Governments like population growth because more workers mean more payroll taxes. Being a "world power" requires having a large population (U.S., Japan, China). Sweden may have a terrific system but their small population keeps them from center stage. Many governments subsidize having larger families.

Wall-street and main-street types like population growth because more consumers mean more demand.

Economists typically believe that technological change will always save us. History has proven them right (so far), but now it seems we have a chance to test the theory again.

There's unprecented pressure on available arable land and (more importantly) water. I think that technological change can save us, but worry that it won't occur fast enough, i.e., before too many people suffer (I'm thinking more of developing countries, not the US). If resources were priced appropriately (accounting for the negative externalities of use), maybe we'd be in better shape.

Steve Buckstein said...

Julian Simon put it well in his classic book, “The Ultimate Resource.” Human creativity, the human mind, is the ultimate resource.
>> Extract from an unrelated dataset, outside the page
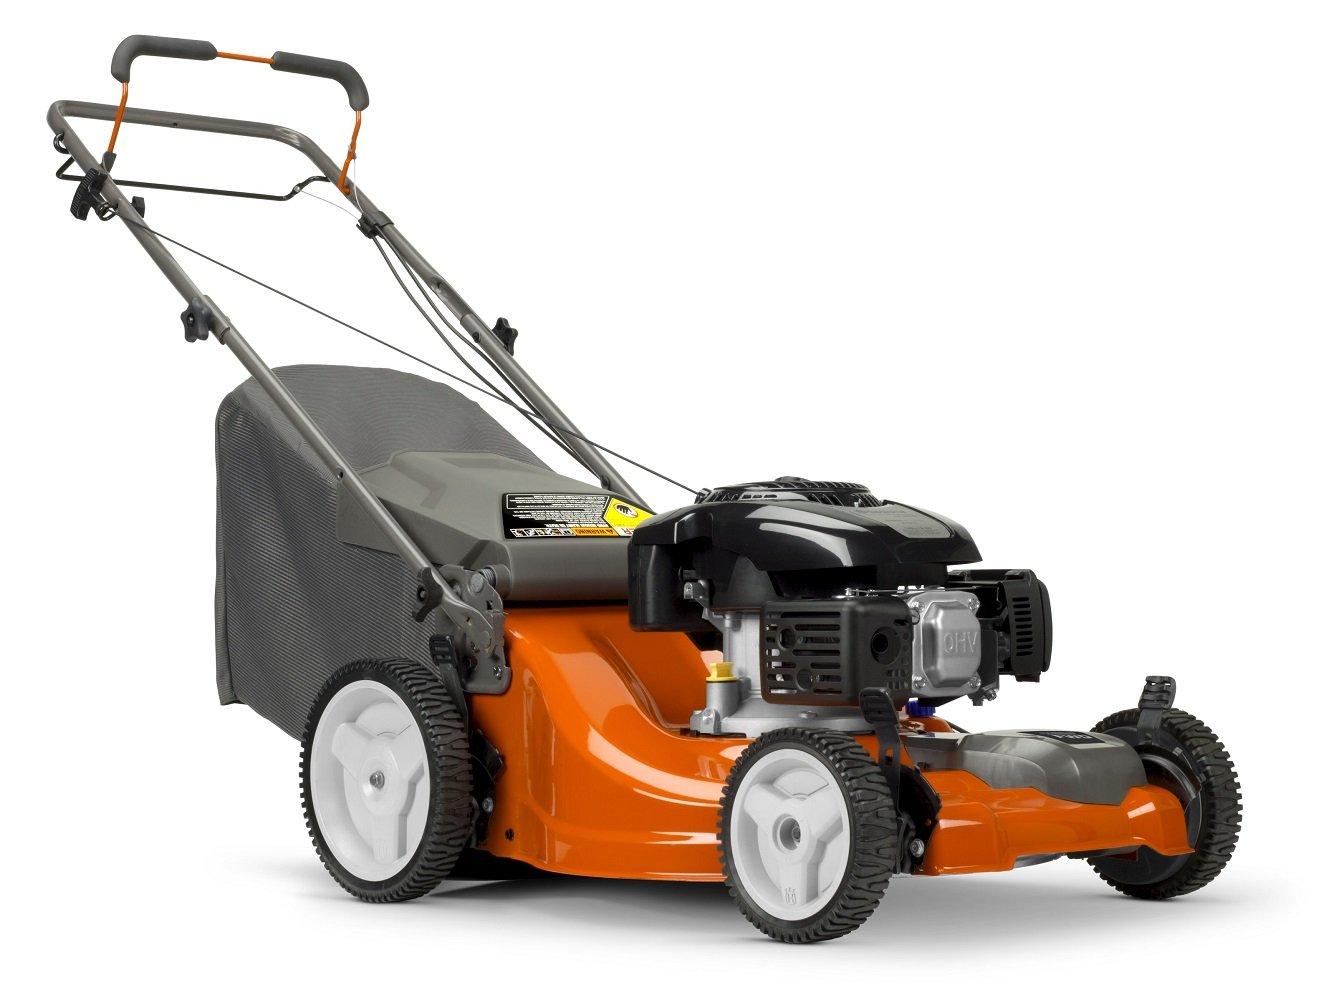 Husqvarna LC121F Fwd Lawn Mower Gas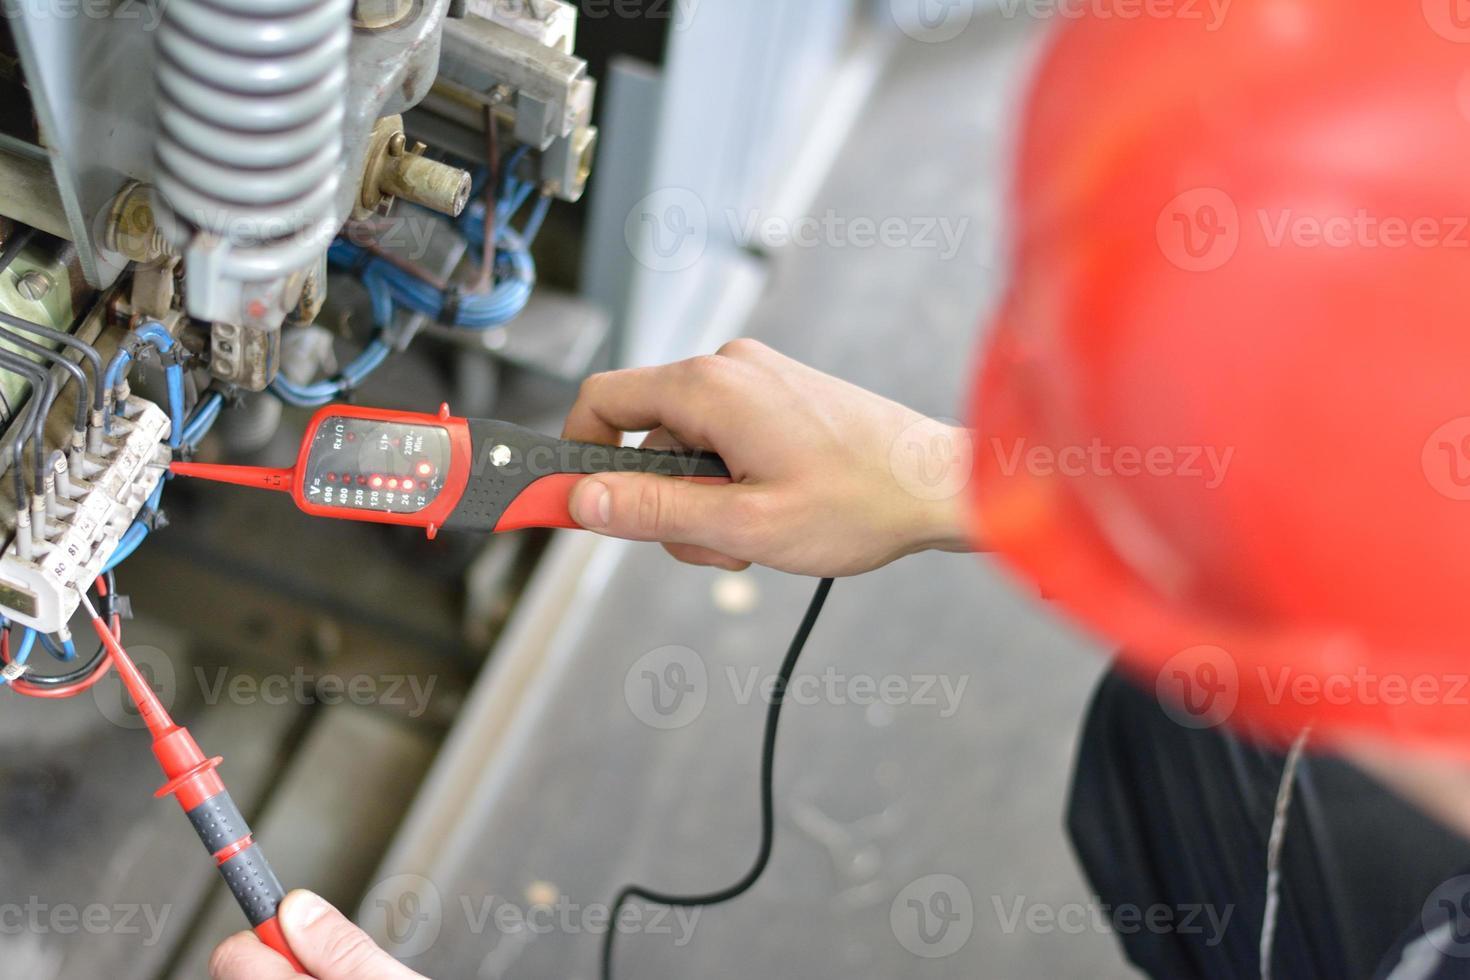 elektricien testen op spanning op klemmenblok foto

Therefore, more minds = more resources for humans to use and benefit from.

Strayer said...

Human overpopulation is a concern. I suppose many problems on earth would vanish if there were fewer people. Children born to industrial nations use more resources than those born to third world nations. Look at China with their one child policy due to overpopulation.

And yet children represent hope for the future, too. I don't believe kids born to one child households are as well adjusted as those in big families.

ADH said...

Sorry, I love this blog but this argument just doesn't hold any water in my view.

Less people can solve just as many problems as more people can, but with less people there will be less problems to solve.

Smaller families can devote more resources to the children, making it more likely that they achieve high levels of personal development (many exceptions duly noted) and be able to help with existing problems.

Also, it probably wouldn't be more efficient if one family was large and many others had no children because there are social benefits to having a diverse gene-pool and having a population that has a common understanding of raising children. Specialization is not efficient under the surface.